Then tell the agent what you have to start from — a research question (`/lc-new`), existing code (`/lc-from-code`), or a paper to reproduce (`/lc-from-paper`). After the spec exists, work with the agent however suits you; the substrate (`astra.yaml`, `lc run`, `lc status`, `lc verify`) keeps things in sync.
Then tell the agent what you have to start from — a research question
(`/lc-new`), existing code (`/lc-from-code`), or a paper to reproduce
(`/lc-from-paper`).

## Skills

The `/lc-from-*` family is parallel by what you start from: a question, code, or a paper.

### `/lc-new` — Scope and specify an analysis

Guides you from a research question to a complete `astra.yaml` specification through interactive conversation. The agent will:

- Help you identify the key decisions (methodological choices) in your analysis
- Search for and read relevant papers, extracting prior insights with exact verified quotes
- Structure decisions with options, defaults, and constraints between them
- Build universe files representing defensible alternative analysis paths
- Link literature evidence (prior insights) to the decision options it supports

You don't write any code or YAML during this phase — the agent produces the full specification.

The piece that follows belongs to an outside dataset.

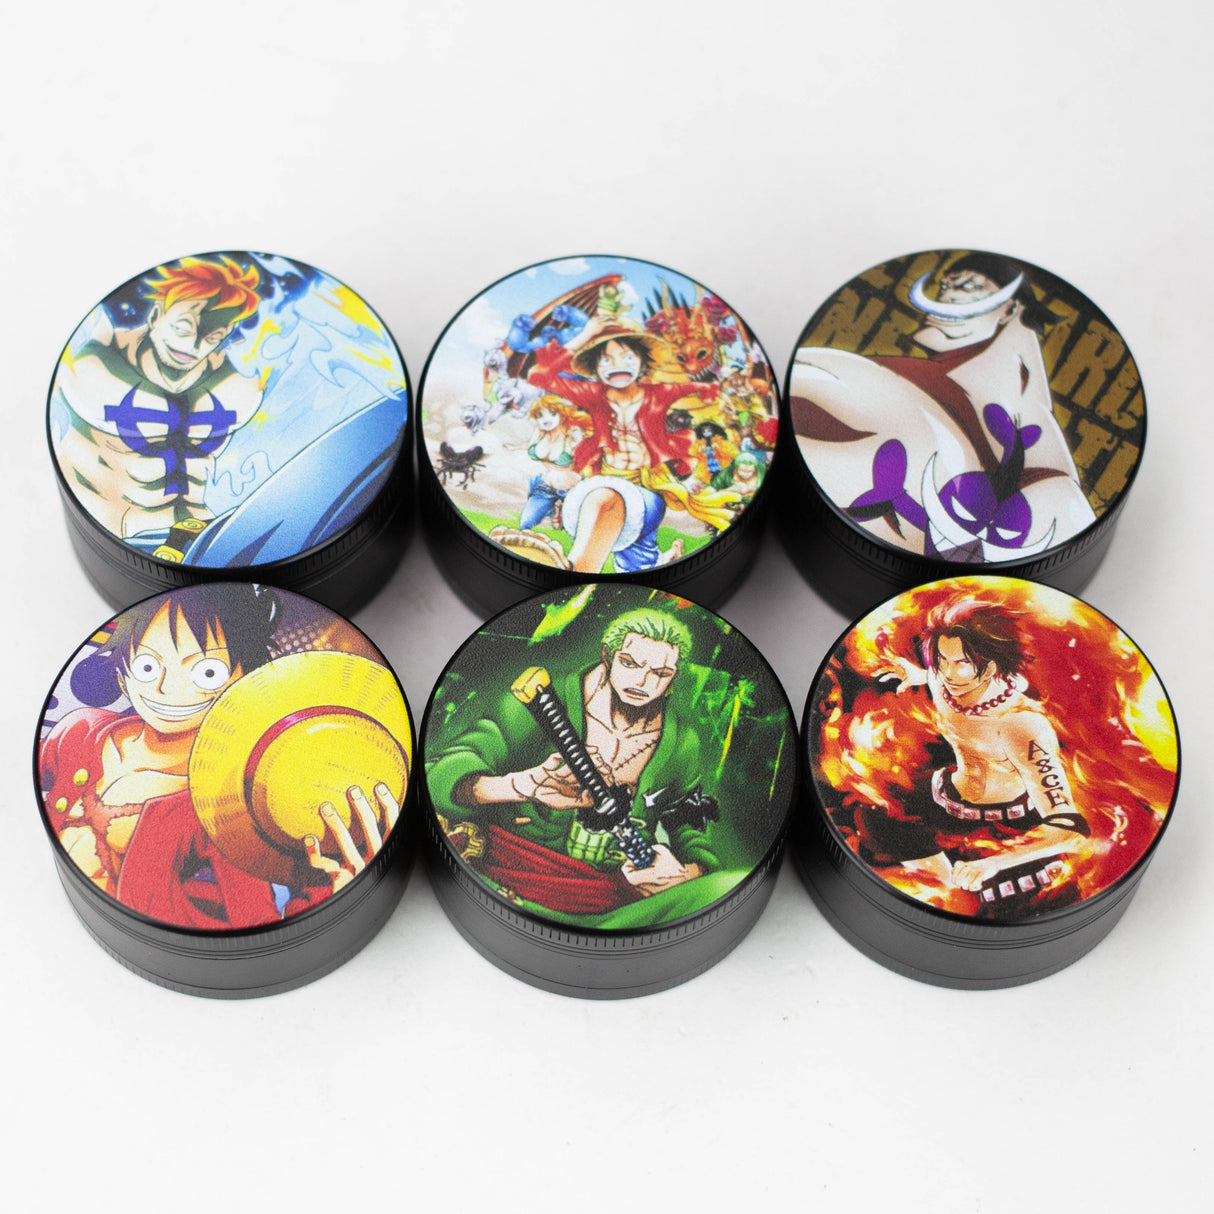 2" Metal Grinder with Comic Design 3 Layers Box of 12 [GZ629]

### `/lc-from-code` — Bring an existing project into ASTRA

Scans an existing codebase, drafts an `astra.yaml` that captures its inputs, outputs, and analytical decisions, parameterizes the code so decisions can vary across universes, and runs the analysis through `lc` until every output materializes. Existing logic is left intact — changes are confined to parameter plumbing.

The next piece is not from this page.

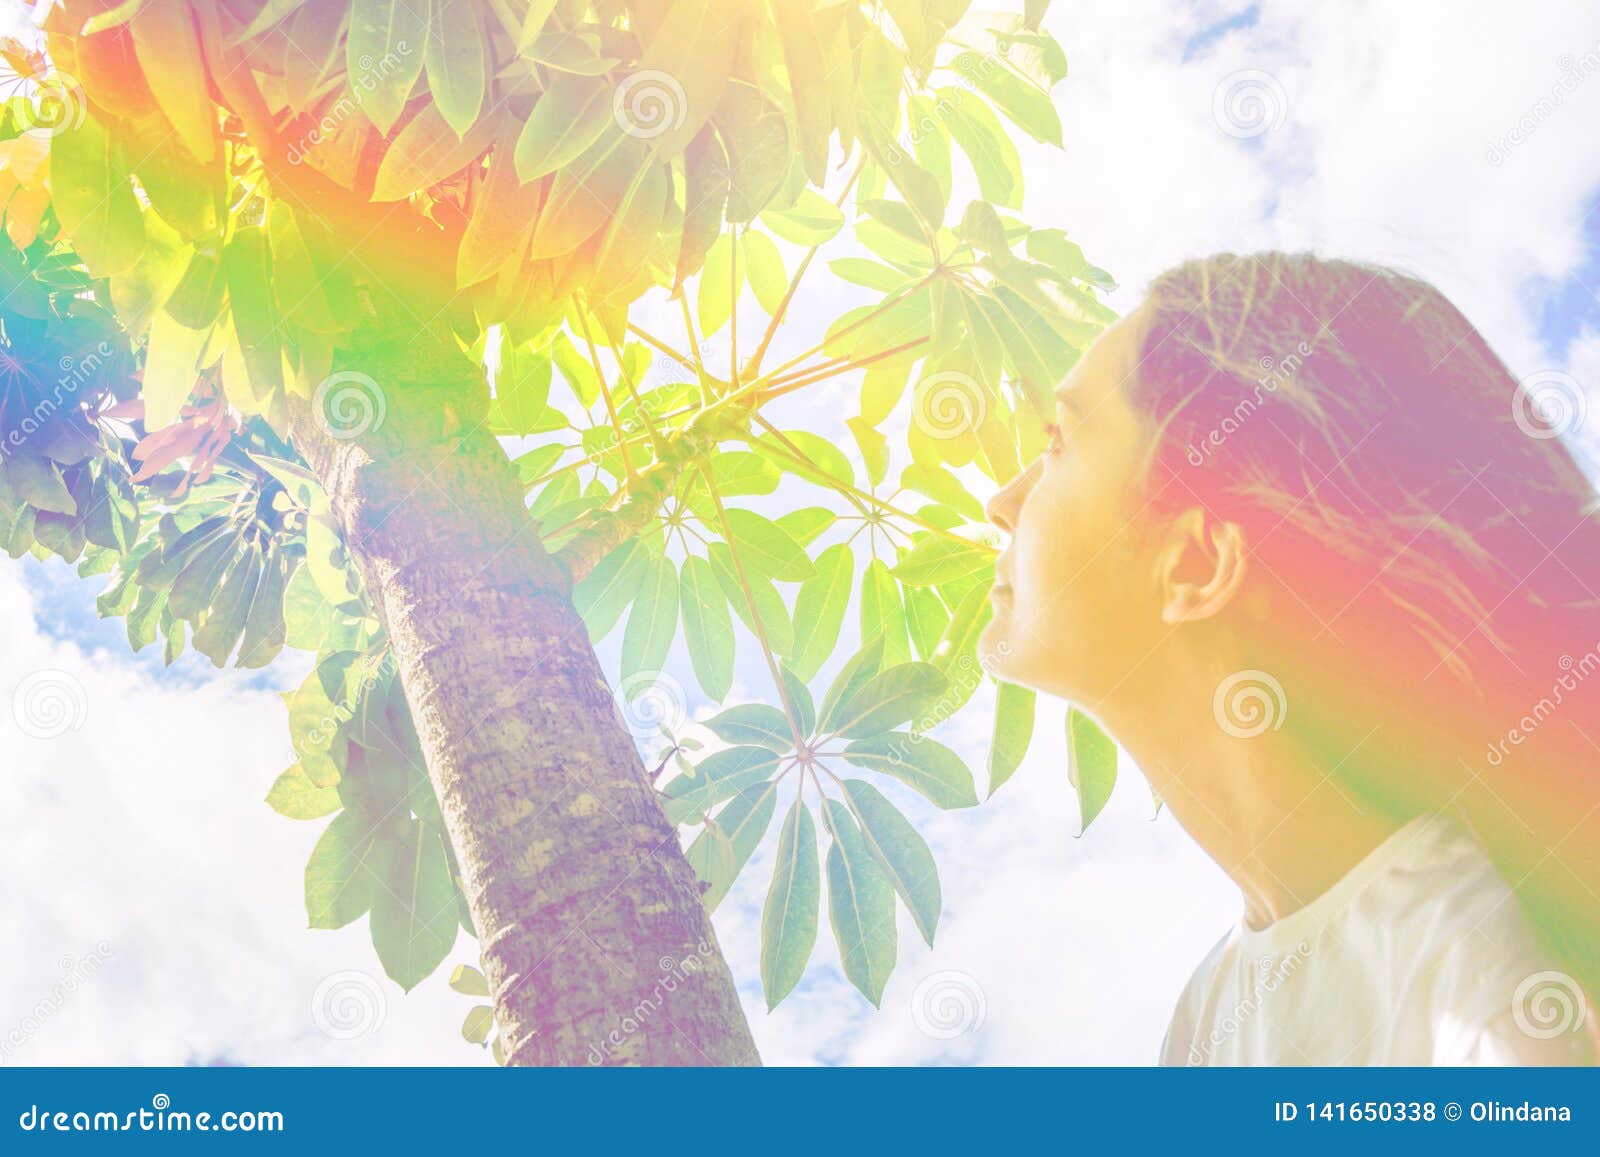 young caucasian woman girl with long hair standing under tree looking up in the sky green foliage. contemplation tranquility

### `/lc-from-paper` — Reproduce a published paper

ORIENT-first driver for reproducing a published paper in ASTRA. ORIENT runs in the user's main session in seven stages — asks for the paper, runs `/paper-extraction` inline to acquire it, interviews the user (grounded in the paper), clones the reference code and runs `/lc-from-code` scan-only (if a repo exists), optionally follows up, then drafts a per-paper `constitution.md` (the ralph loop's driving document) + `CLAUDE.md` (auto-loading rules + accumulators) from the full paper-plus-code context for user review. Then the rest of the reproduction hands off to a **ralph loop** whose iterations carry the long middle: ARCHITECT → SPECIFY → LITERATURE → IMPLEMENT → RUN → COMPARE. Each iteration runs in a fresh tmux session against the constitution; the fresh-context property between iterations is what makes per-phase review work. When the loop closes (constitution `status: closed` after COMPARE returns `pass`), REVIEW runs back in the user's main session. Composes a bundle of sibling skills (`ralph`, `paper-extraction`, `narrative`, `figure-comparison`, `check-sentence-by-sentence`). See [`claude/lightcone/skills/README.md`](claude/lightcone/skills/README.md) for the full bundle map.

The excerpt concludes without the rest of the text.